Joints that are more flexible than normal, or that have a greater range of motion than expected, are considered hypermobile. People with hypermobile joints are sometimes called “double jointed.” Children with hypermobility may experience joint or muscle pain, but they might not have a true, underlying inflammatory disease.

Those who have hypermobility syndrome (also sometimes called joint hypermobility syndrome or JHS) experience pain and inflammation in the joints due to their increase flexbility.

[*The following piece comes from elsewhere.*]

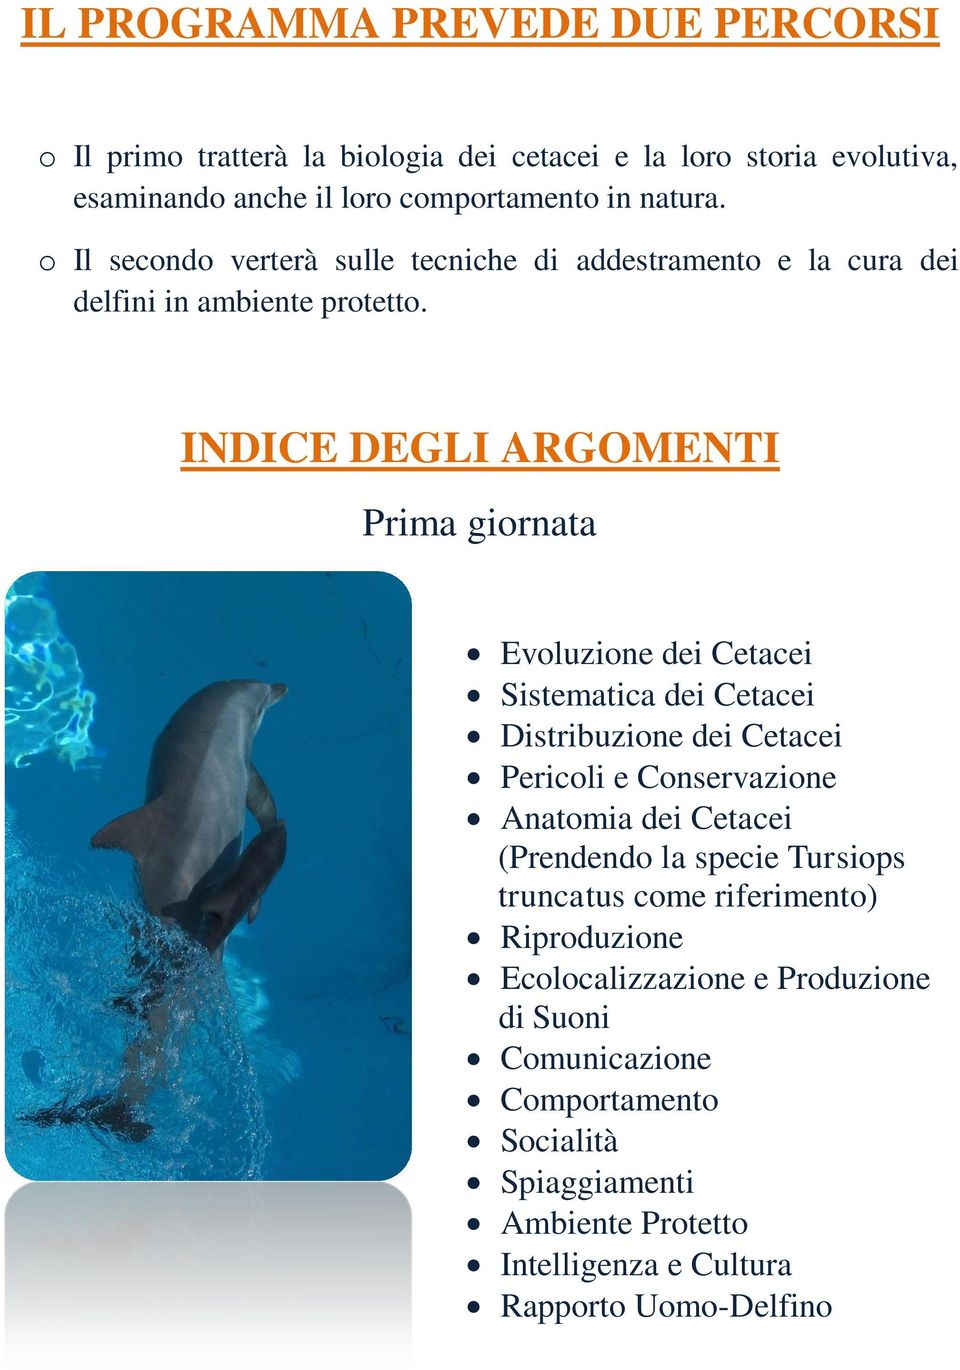 INDICE DEGLI ARGOMENTI Prima giornata Evoluzione dei Cetacei Sistematica dei Cetacei Distribuzione dei Cetacei Pericoli e Conservazione Anatomia dei Cetacei
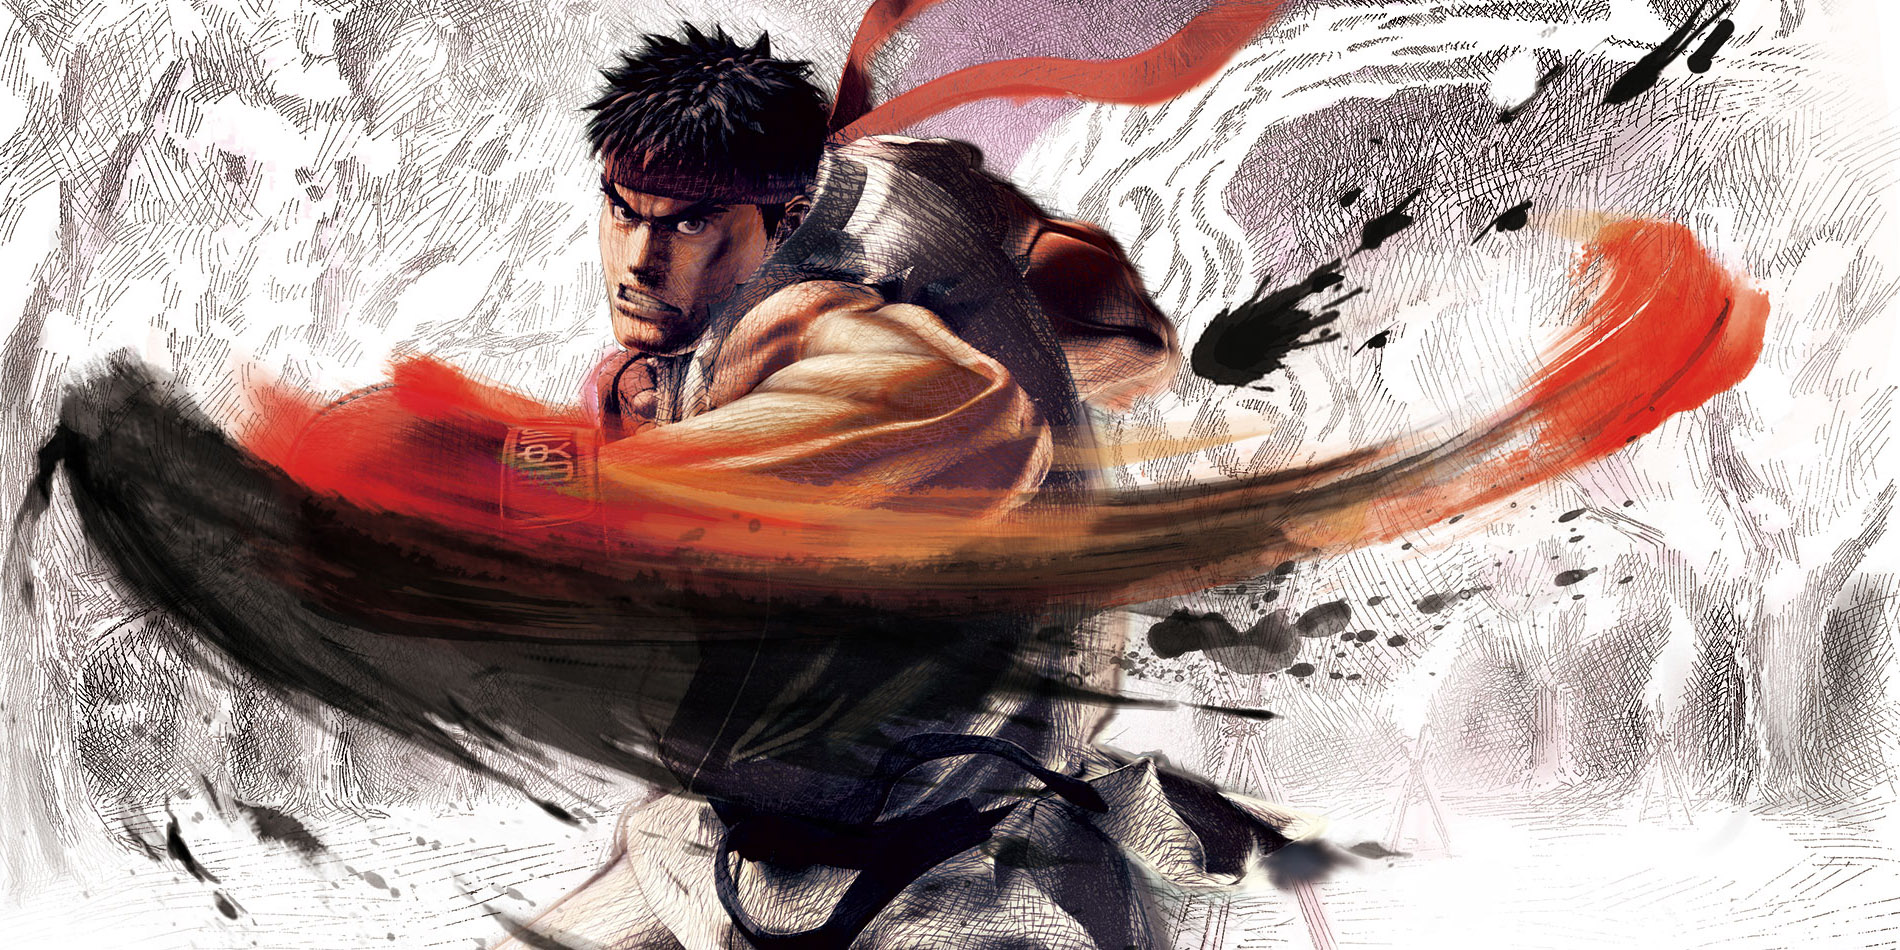 ryu street fighter fond d'écran,kung fu,illustration,personnage fictif,oeuvre de cg,conception graphique

In some patients, hypermobility syndrome can be associated with other hereditary (genetic) disorders of connective tissue (HDCT), such as Marfan syndrome, Ehlers-Danlos syndrome and osteoenesis imperfecta. Hypermobility syndrome can also be associated with postural orthostatic tachycardia syndrome (POTS).

Symptoms

Hypermobility tends to run in families, and girls are usually more symptomatic than boys. Not all children with hypermobility experience pain or inflammation, and it is unknown why some children develop pain while others do not. Typical complaints include:

  • pain after activity and at night
  • muscle and joint stiffness the day following exercise
  • generalized fatigue
  • clicking of the joints (both spontaneous and by deliberate effort of the child)
  • difficulty with handwriting
  • recurrent joint sprains
  • issues with reduced coordination and balance
 

Children with genetic connective tissue disorders may have other issues as well, including abnormally tall stature, vision problems, skin abnormalities, and cardiac (heart) problems.

Diagnosis and Treatment

Hypermobility is diagnosed based on physical exam. Doctors may use a scoring system called the Beighton Hypermobility Score to assess the level of joint hypermobility. Children with features suggestive of a genetic connective tissue disorder may be referred to a cardiologist for an echocardiogram, an ophthalmologist for an eye exam, or a geneticist for further workup. Although lab work and imaging are not typically necessary to diagnose isolated hypermobility, these may be performed to rule out other conditions.

The most important principle of treating children with hypermobility is strengthening the muscle groups that help support the hypermobile joints. Physical and occupational therapy play a major role, as do activity modification and family education. Many children become less hypermobile as they grow, and symptoms may improve over time.